* [RECORD SET]
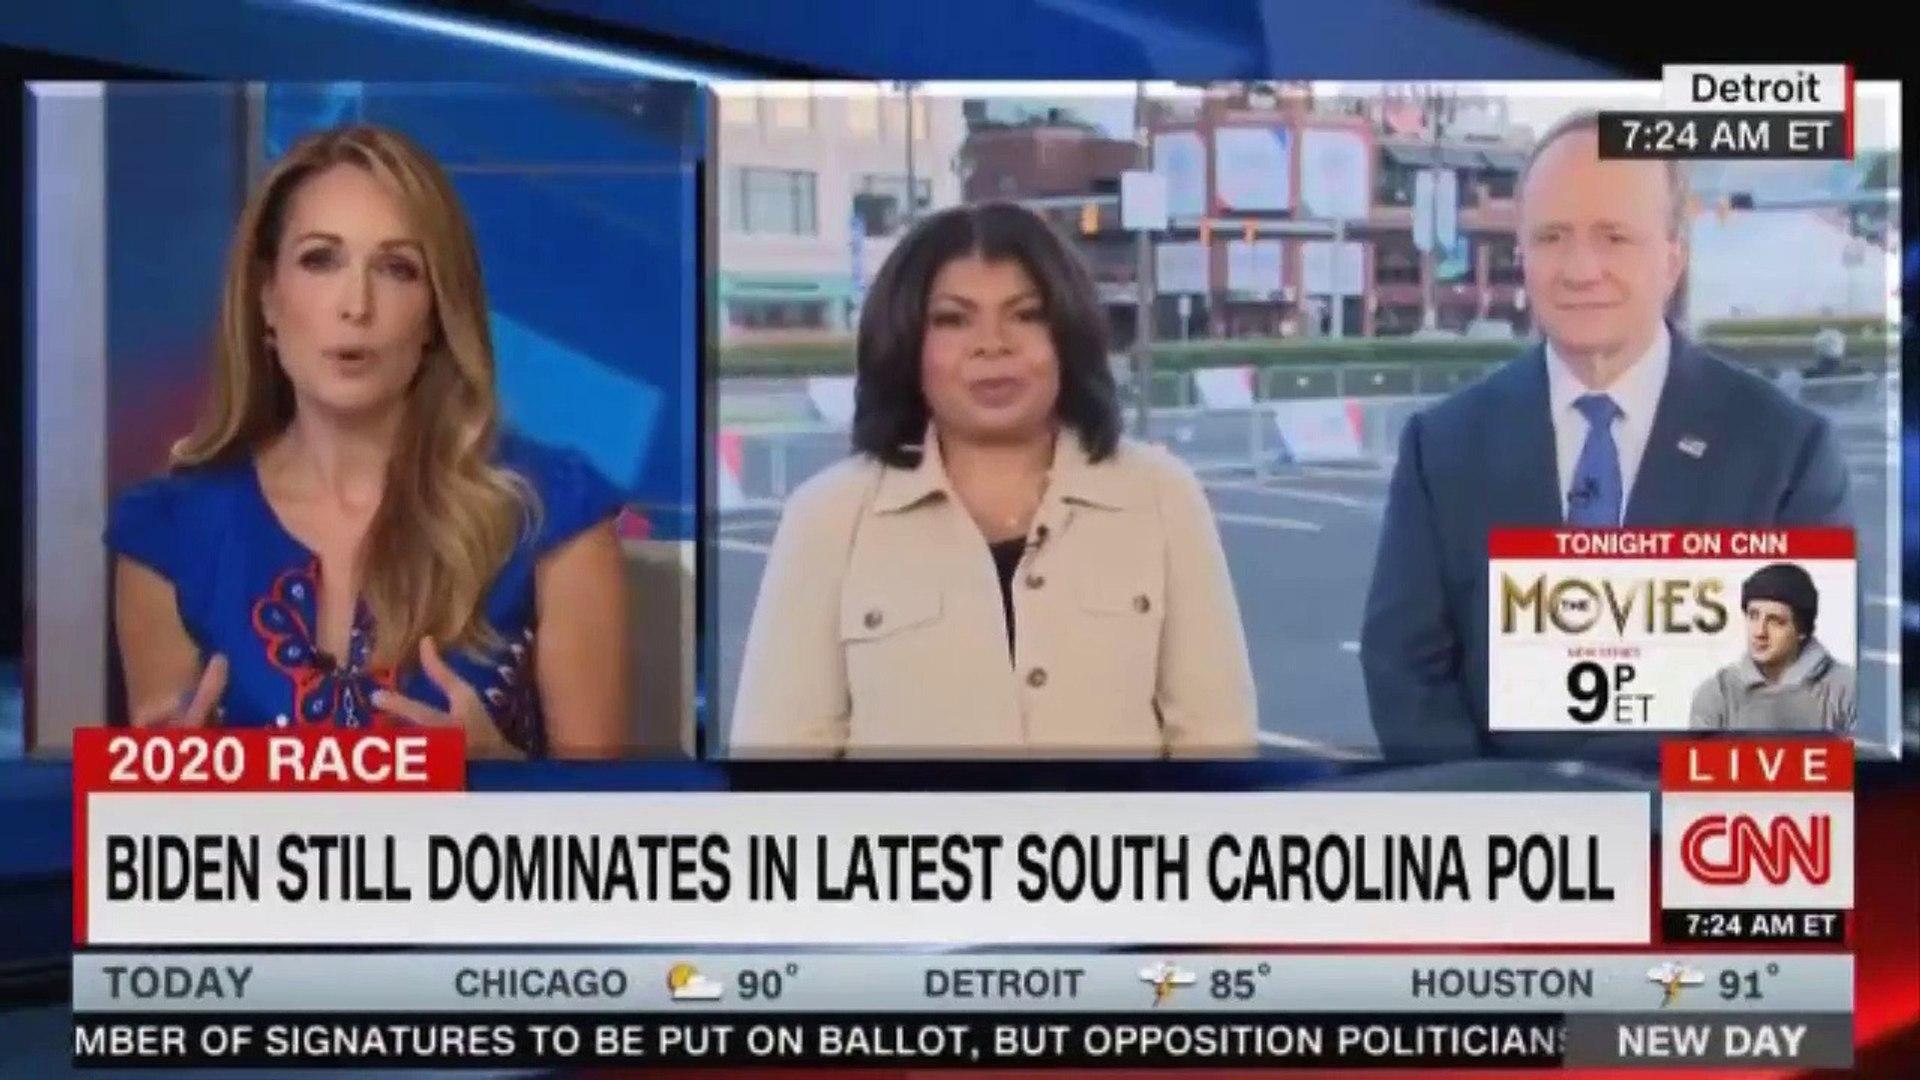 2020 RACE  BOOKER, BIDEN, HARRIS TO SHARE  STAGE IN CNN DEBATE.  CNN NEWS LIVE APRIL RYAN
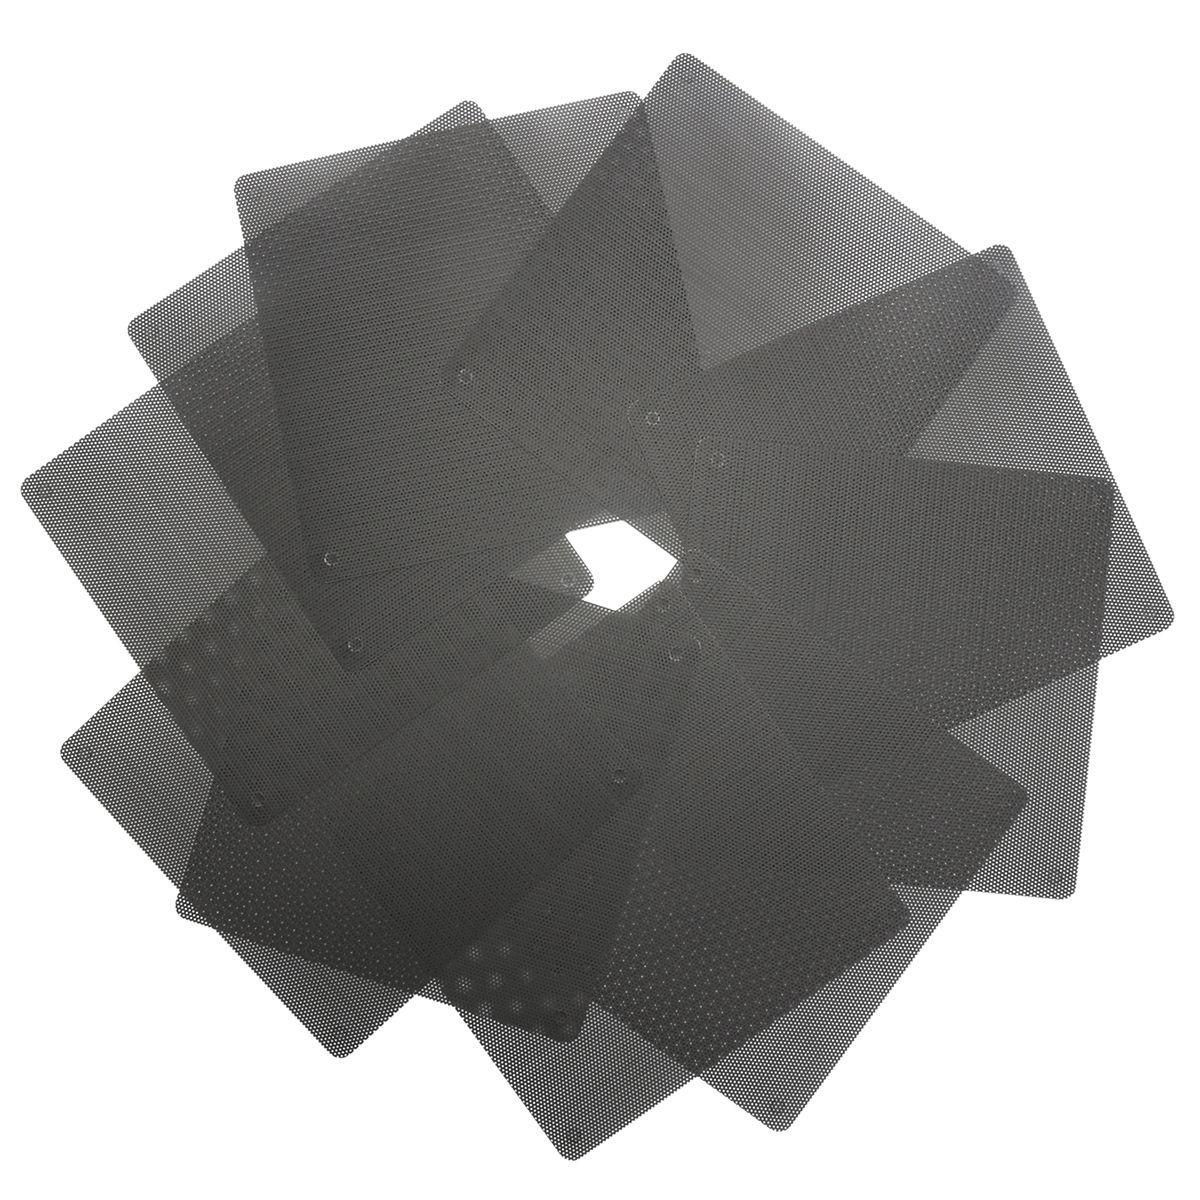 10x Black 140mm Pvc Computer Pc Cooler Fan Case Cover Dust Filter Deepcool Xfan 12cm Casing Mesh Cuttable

--

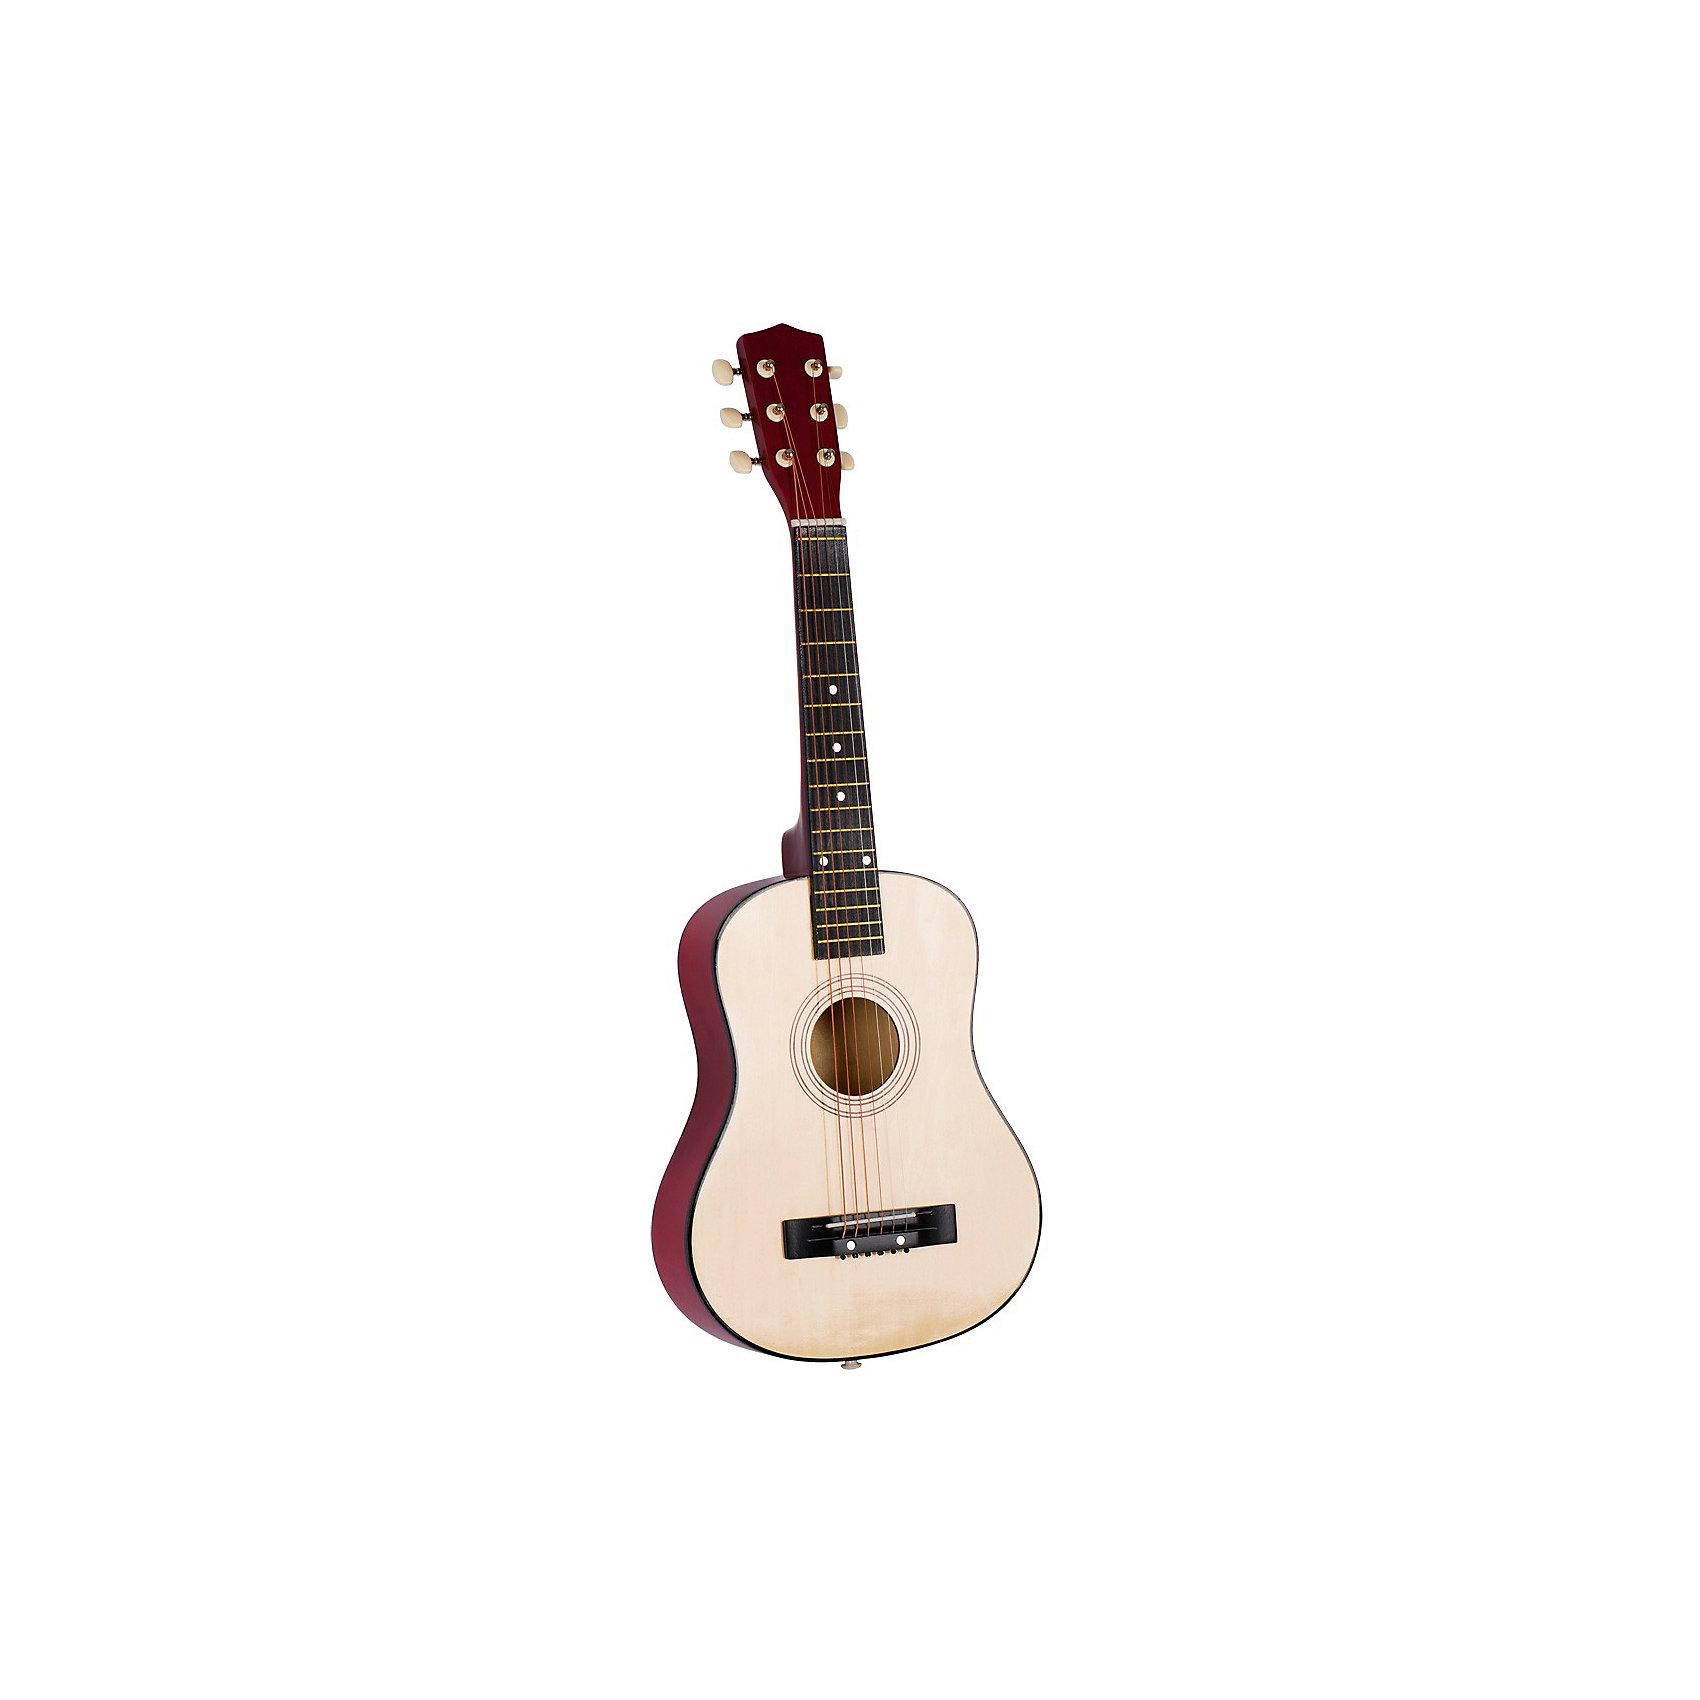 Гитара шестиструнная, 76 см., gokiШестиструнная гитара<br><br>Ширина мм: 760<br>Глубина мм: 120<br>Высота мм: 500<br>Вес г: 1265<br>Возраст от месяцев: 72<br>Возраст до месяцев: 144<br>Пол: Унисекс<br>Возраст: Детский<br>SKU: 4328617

---

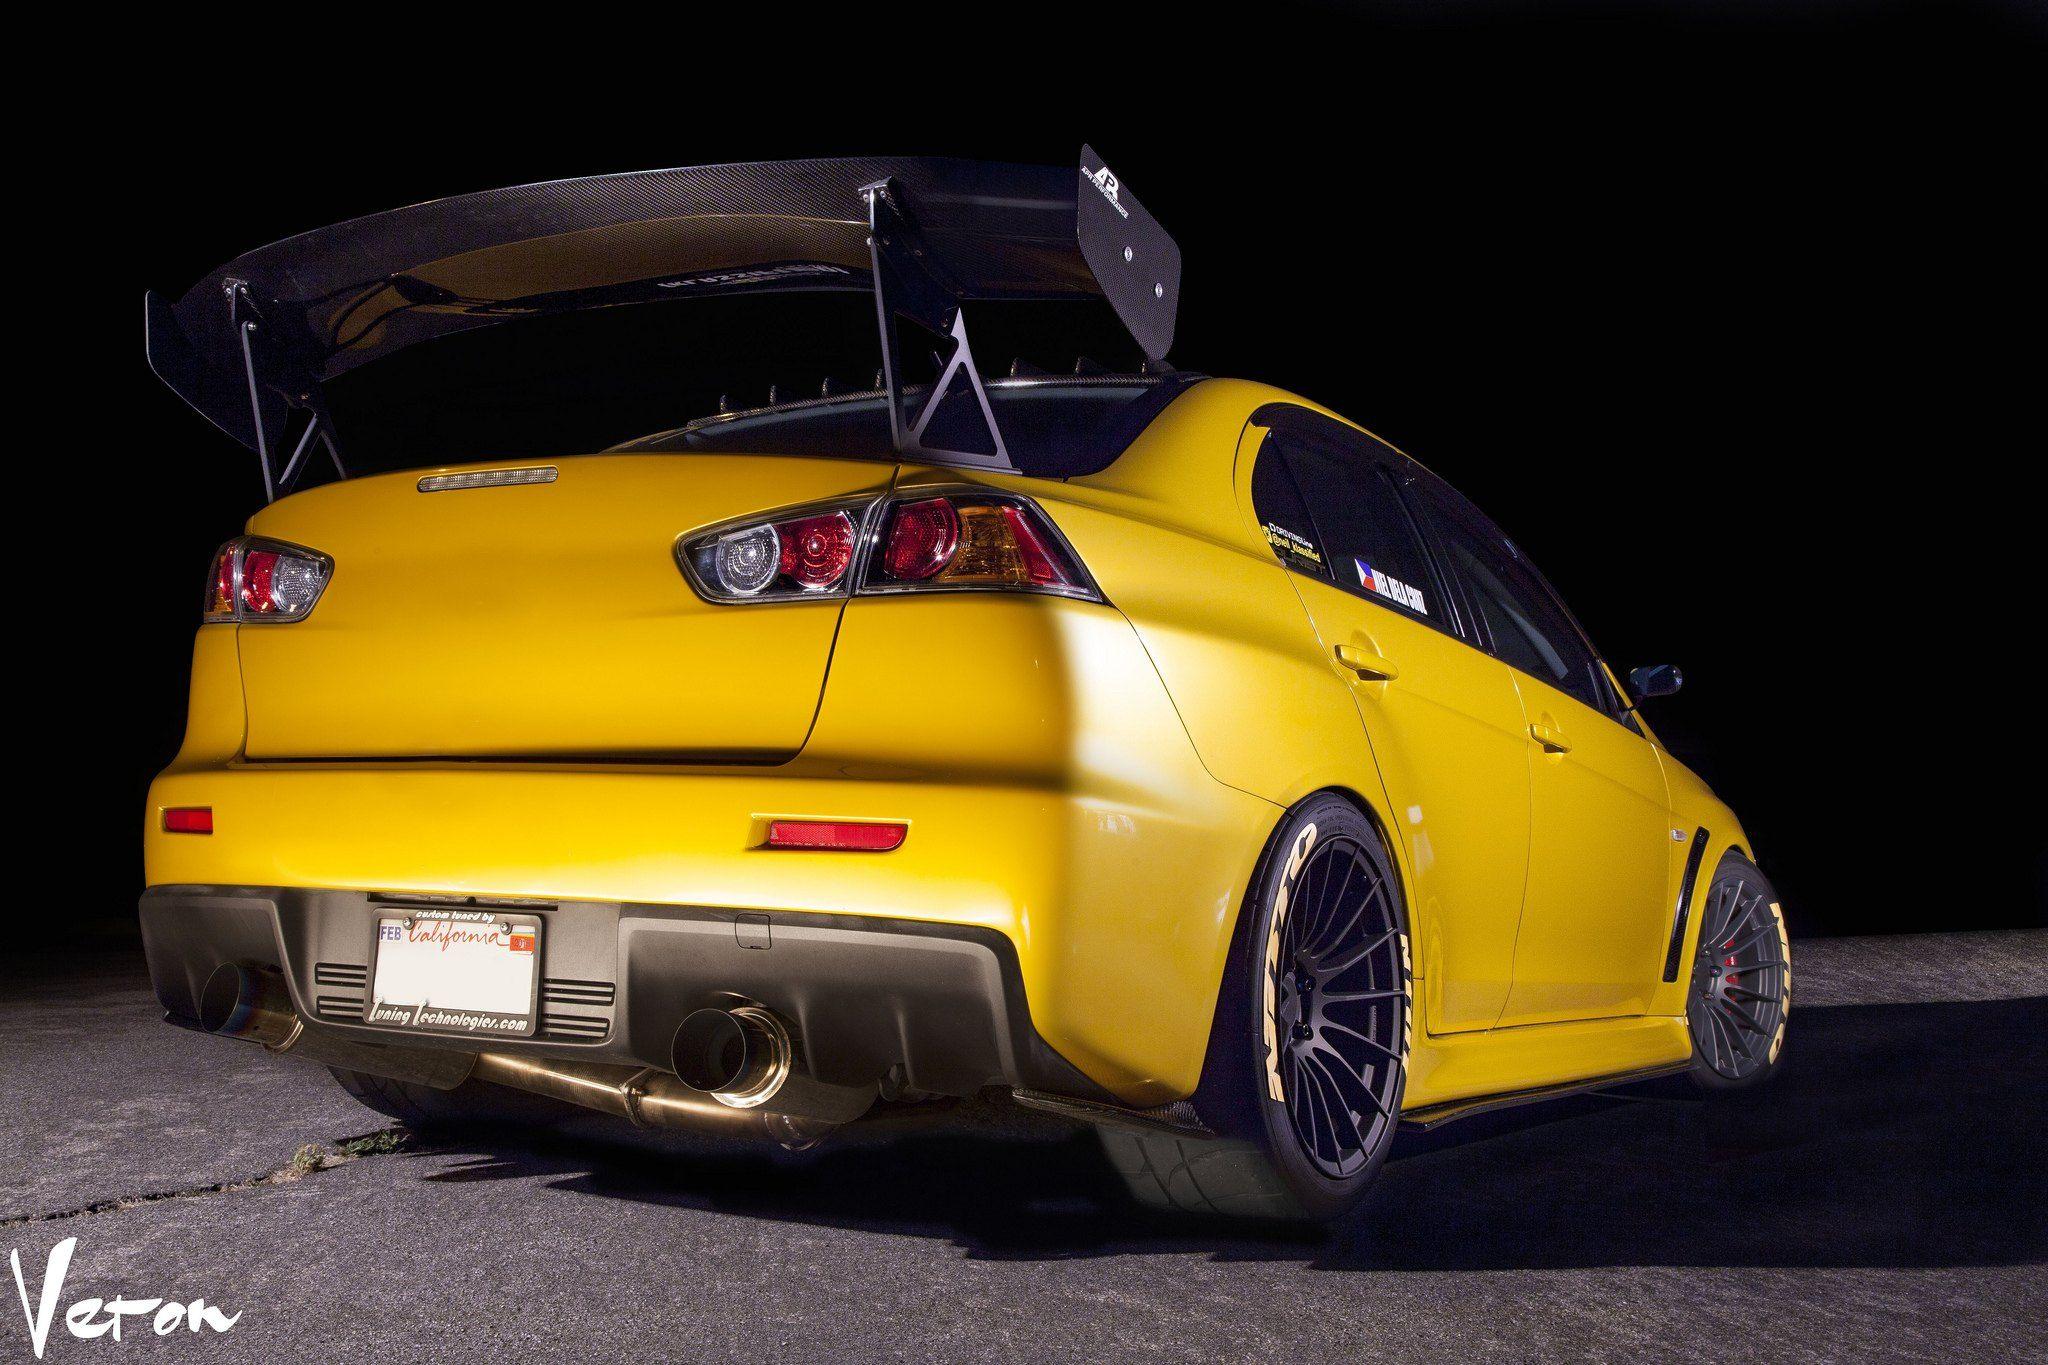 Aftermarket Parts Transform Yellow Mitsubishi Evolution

* [TASK DETAILS] Using the entries above, write out exactly the lines from the one with "LIVE APRIL RYAN" through the one with "10x Black 140mm", ends included. Leave out any pictures.

* [THE COMPLETED TASK]
 2020 RACE  BOOKER, BIDEN, HARRIS TO SHARE  STAGE IN CNN DEBATE.  CNN NEWS LIVE APRIL RYAN
 10x Black 140mm Pvc Computer Pc Cooler Fan Case Cover Dust Filter Deepcool Xfan 12cm Casing Mesh Cuttable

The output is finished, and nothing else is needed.